Sep 2007 - rose to 15M page views/month.
ICHC is purchased. The fell back to Discipline. Their goal was to make users happy for 5 minutes a day. 6 posts a day. 9AM eastern start and strict promotional guidelines.
Feb 2008 - 37 Million Page views/Month. Launched a network. 8th Site now launched - a celebrity site.
Aug 2008 - 100 Million Page views/Month.
The objective is to lower the bar for content creation.
What is to follow? They work on 30 days at a time.
Shana Fisher of Head of Strategy at IAC
Talking about the future of video games. They are looking at the video game market on the web.
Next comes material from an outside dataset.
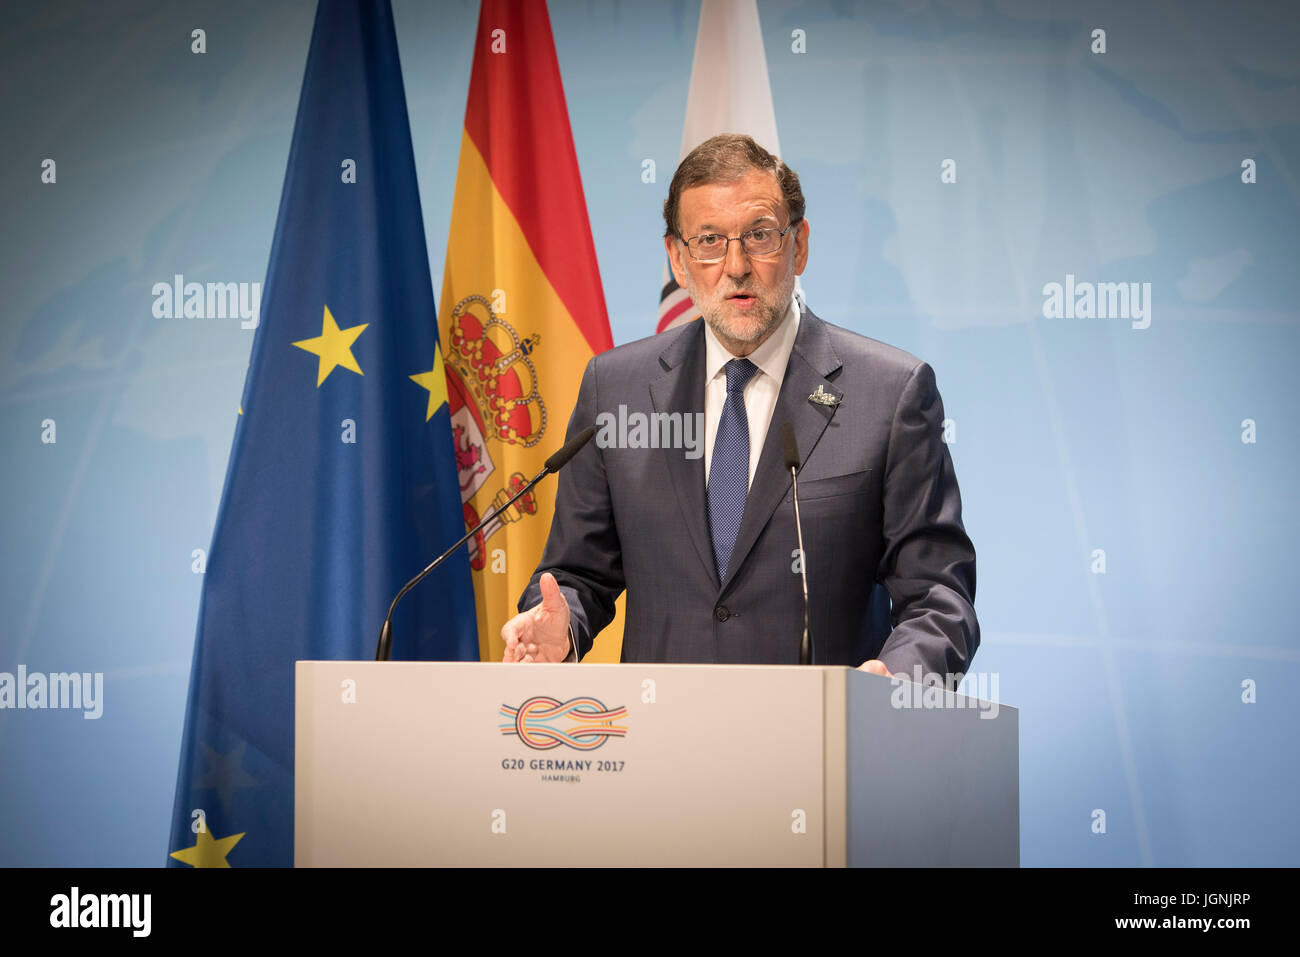 Le Président Espagnol Mariano Rajoy lors d'une conférence de presse à l'issue des deux jours de réunion au sommet du G20 des dirigeants du monde le 8 juillet 2017 à Hambourg, Allemagne. (Bundesregierung/Bergmann via Planetpix) Banque D'Images

InstantAction is defining the $2B online core games market.
The console and PC game market is mainly offline. It is a hit driven market. Games are costly and slow to develop and depend on physical distribution. $15M to develop over 3 years plus $3m to market.
Only 8% of games broke even.
Broadband changes everything. As I said more than 5 years ago. Broadband is the killer app of our generation.
The objective is to deliver immersive games through the web browser. Online distribution. Easy distribution. Easy to give trial access that can be free. Monetization can be by subscription, premium features or virtual item purchases.
Instant Action is developing Multi-player, global, console-quality games that work inside the browser.
In less than 6 months they have gone from launch to over 700k users. Users spend an average of 30 minutes per day on the site. The age range is male, 13-34.
The VIP level has a Need for Speed look a like in the browser.
Daniel Lyons aka Fake Steve
Fake Steve is on Hiatus. Since San Francisco Dan Lyons has moved from Forbes to NewsWeek.
This may be a re-run of his San Francisco talk. Not a bad thing - he brought the house down there.
Why?
So boredom drove him to create Fake Steve. and Fear. Realizing that the industry is being reinvented.
Why Steve Jobs?
Parody of Jobs and blogging. It was a comic strip that evolved in to news.
when the readership rose to 1.5 Million it drove the search for the writer of FSJ.
Why does it work?
Why did it continue after Dan was outed? People were willing to suspend their disbelief.
The community around the blog was critical. They felt a part of something.
What had been created was a performance space.